Discussion
We have a jammed schedule this week and wanted to get the January 17 report out last night ahead of WOTE US 60 changes today. What we didn’t have time to delve into is where we could be wrong in our thesis that one should ride the best relative strength trends currently in place (i.e. the NDX Group) and no longer play contrarian with a large active share bet on weak relative strength trends that could reverse in the event of an offensive FED pivot (i.e. the Cyclicals Group) or recession (i.e. the Defensives Group).
Our #1 concern is the lack of confirmation from the small cap (SC) growth/value pair. This macro pair has languished while the large cap (LC) growth/value pair is quickly approaching prior highs. Most recently, this divergence foreshadowed a sharp decline in LC growth/value from late 2021 into late 2022.

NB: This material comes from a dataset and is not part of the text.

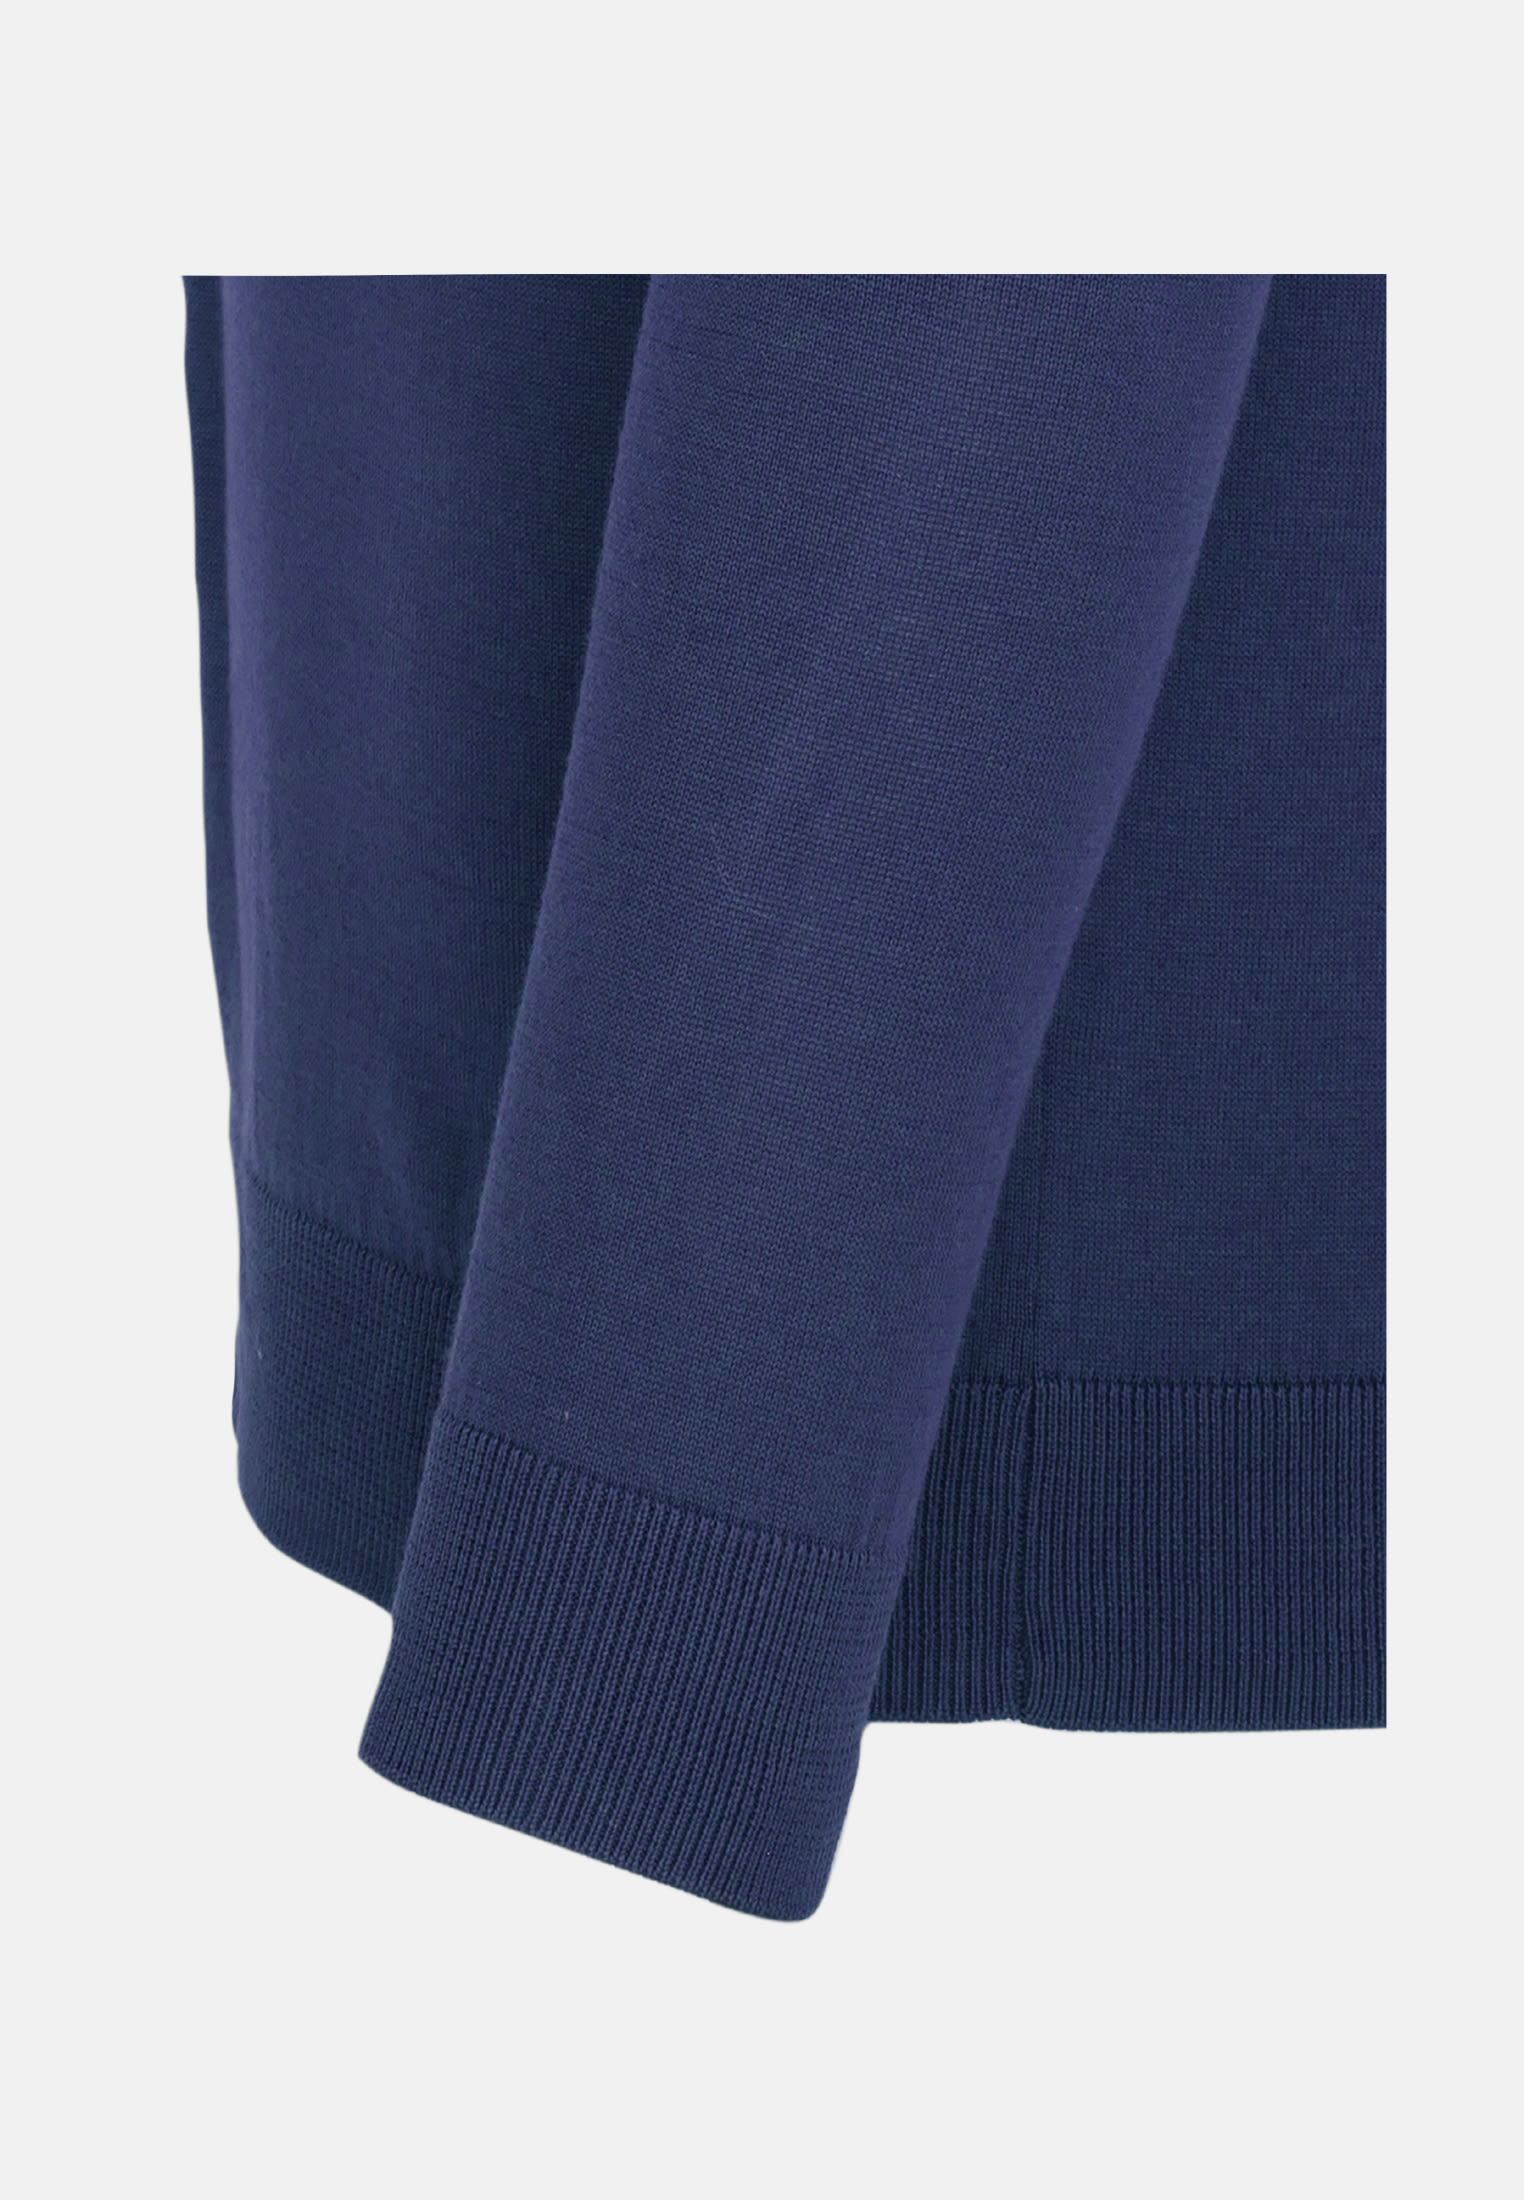 Crew Neck Pullover made of 100% Cotton in Medium blue |  Seidensticker Onlineshop

The standout negative historical analog to this divergence is the 1999/2000 peak where the SC pair did not confirm the LC growth/value double top. The problem with the 1999/2000 analog is the 1995-1999 period just before it, where SC growth/value remained in a persistent downtrend while LC growth/value held up prior to exploding higher in the 1998-1999 period.
We believe macro context is critical here. In late 2021 the Fed was going on the inflation warpath and the interest rate landscape was about to roil 60/40. In 1999/2000 the US economy entered recession.
Today there is no recession and the Fed is in a more balanced posture to defend inflation upside and growth downside, a dynamic that limits both the economic reacceleration necessary for the Cyclicals Group to outperform and the economic deterioration necessary for the Defensives Group to outperform. But we will let relative strength trends be the final arbiter here. If the Cyclicals Group and/or the Defensives Group start/s to persistently outperform SPX at the expense of the NDX Group, we will adjust accordingly.
Second area of concern is valuation. Small caps are cheap relative to large caps. Not historically cheap, but cheap enough to warrant relative upside driven by a rotation out of LC growth and into small and large cap value.
This valuation-driven rotation into small caps is potentially supported by what looks to be a decisive topping pattern out of the large/small pair. The question is whether this is 2020 or 1997…
Again, we will let relative strength trends be the final arbiter, but weighing the broad evidence it is difficult for us to see small caps entering a relative strength uptrend from here after a pretty spectacular relative strength failure in the wake of a major breadth thrust signal…and given the Fed is now back in the game of defending inflation expectations.
WOTE US 60
As discussed in the January 17 report WOTE US 60 is not designed to be overly tactical. We positioned the strategy out of the gate (November 20, 2023 inception date) for a post-breadth thrust world of MAG493 outperformance on the back of the Fed allowing the economy to reaccelerate and we were slow to adjust in response to the Fed pivoting back again to defending inflation expectations. The reason we were slow is that the Fed began pivoting even before TIPS break-evens started moving higher. Now that break-evens are in fact pushing higher we can more confidently position for a relatively more hawkish Fed.
Most importantly, the fact the Fed so quickly moved to cut off an economic reacceleration after pivoting dovish in December gives us confidence that the next play beyond Tech is not the Cyclicals Group (unless it becomes severely oversold in a broad equity market correction perhaps into March), but rather the Defensives Group. With inflation set to reaccelerate and 2025 setting up to be an economic and market bloodbath as Powell seeks to rein in inflation ahead of his May 15, 2026 sell-by date, the Defensives Group is very, very likely to be a home run trade starting in 2H24.
For now, we want to concentrate portfolio active share in the NDX Group while keeping overall active share low. After today’s WOTE US 60 portfolio adjustment total portfolio active share is just 34%, 25% of which is Tech. This positioning provides us the best of both worlds: concentrated exposure in the most durable relative strength trends while 66% of the portfolio sits in reserve, ready to be deployed into high probability active share set-ups.